AVAILABLE DATA:
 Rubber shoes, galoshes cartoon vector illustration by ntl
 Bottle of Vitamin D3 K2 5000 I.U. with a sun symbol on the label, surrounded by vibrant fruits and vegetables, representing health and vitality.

...

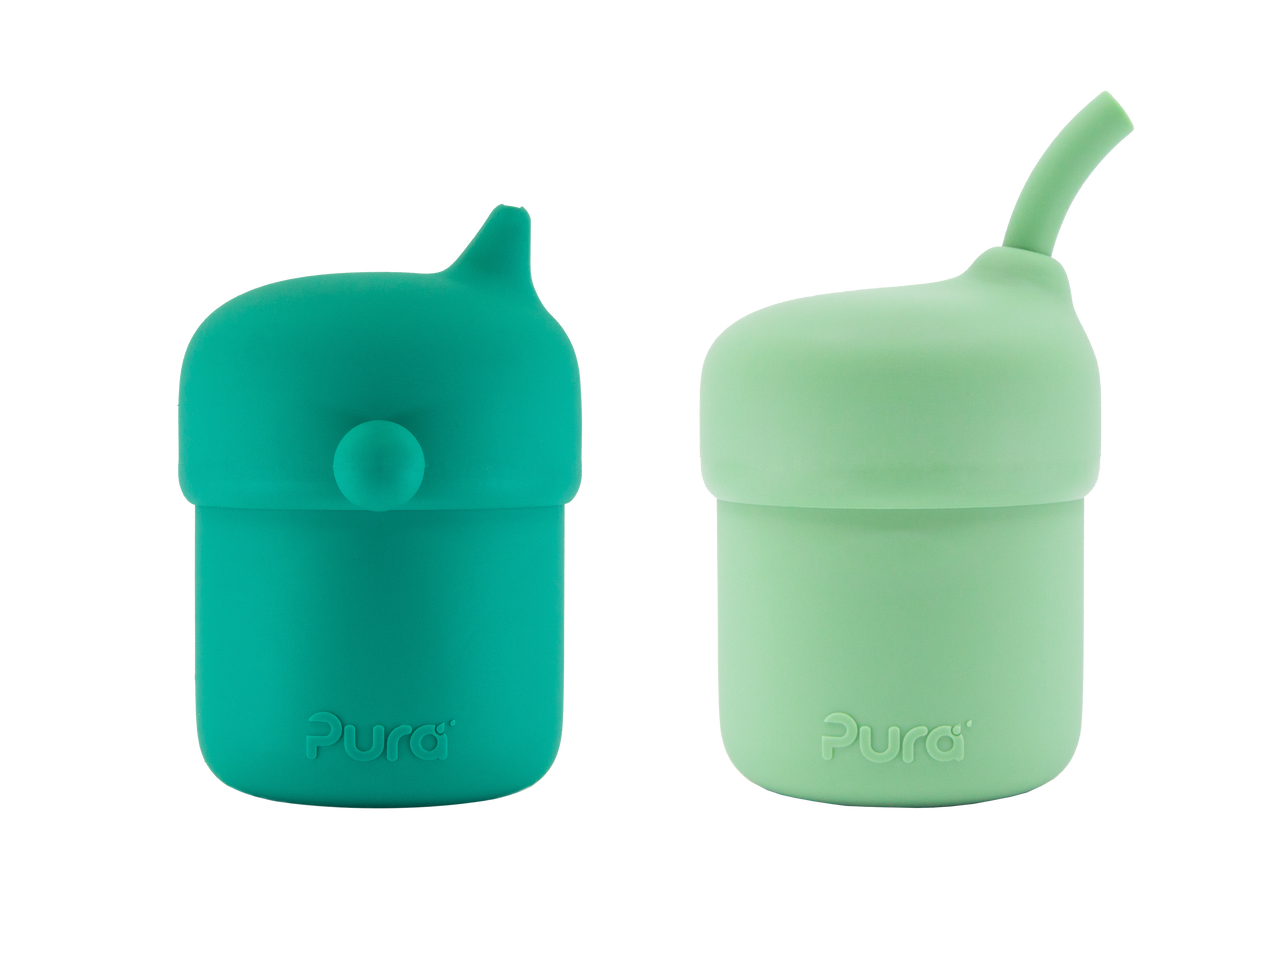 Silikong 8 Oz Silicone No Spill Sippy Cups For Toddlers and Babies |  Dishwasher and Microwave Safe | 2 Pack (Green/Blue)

...

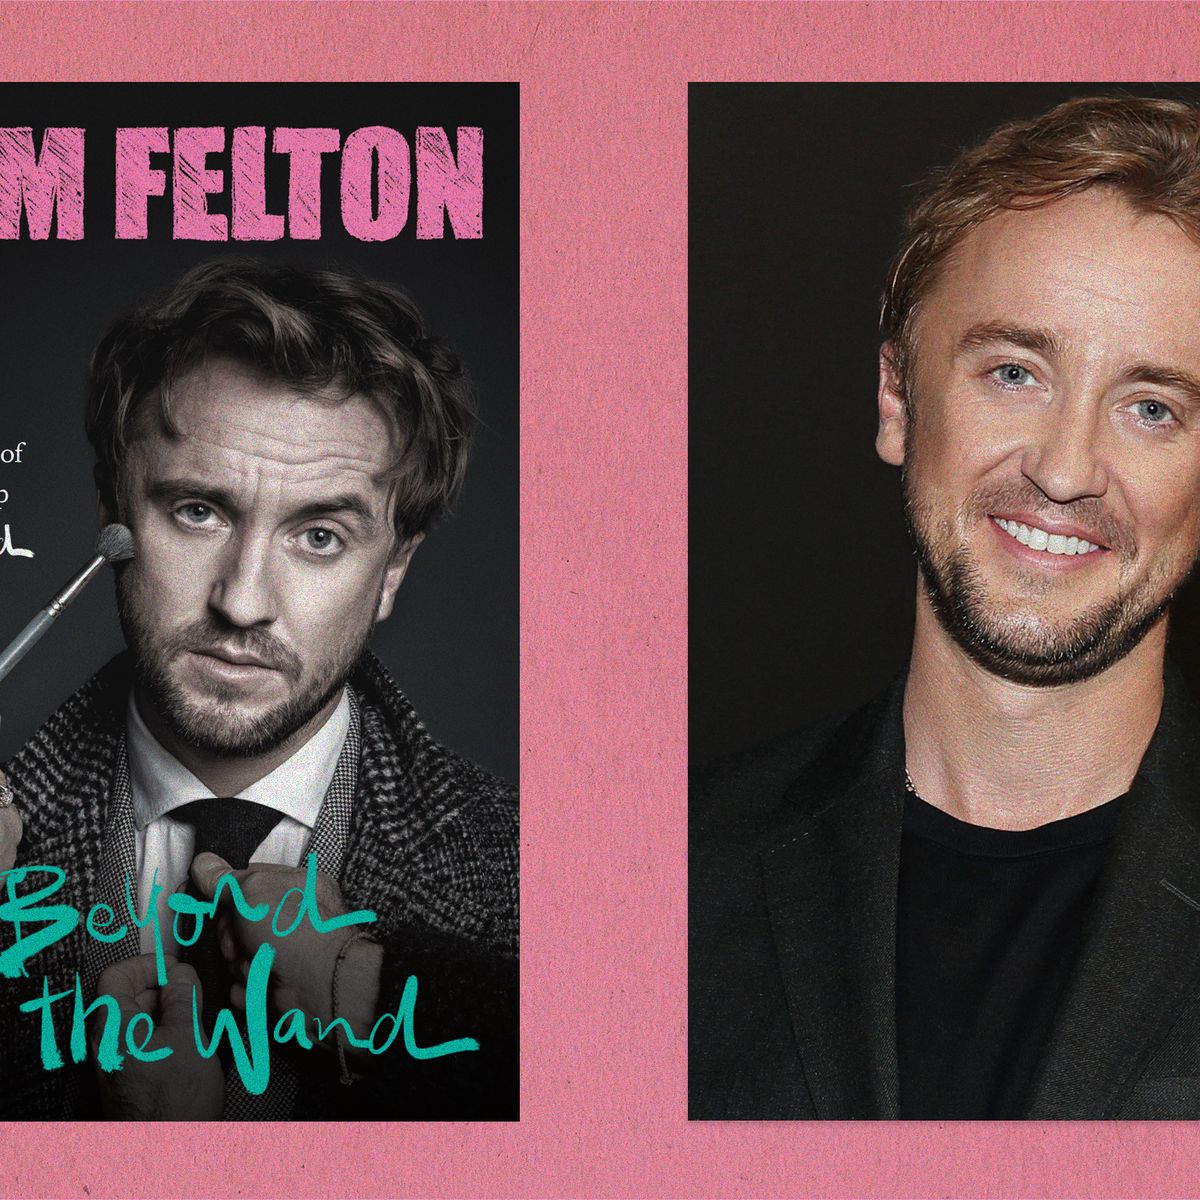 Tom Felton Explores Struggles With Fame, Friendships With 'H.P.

YOUR INSTRUCTIONS: Return, unchanged, the run of lines above that opens with the line containing "Rubber shoes, galoshes" and closes with the line containing "Bottle of Vitamin". Include both.

RESPONSE:
 Rubber shoes, galoshes cartoon vector illustration by ntl
 Bottle of Vitamin D3 K2 5000 I.U. with a sun symbol on the label, surrounded by vibrant fruits and vegetables, representing health and vitality.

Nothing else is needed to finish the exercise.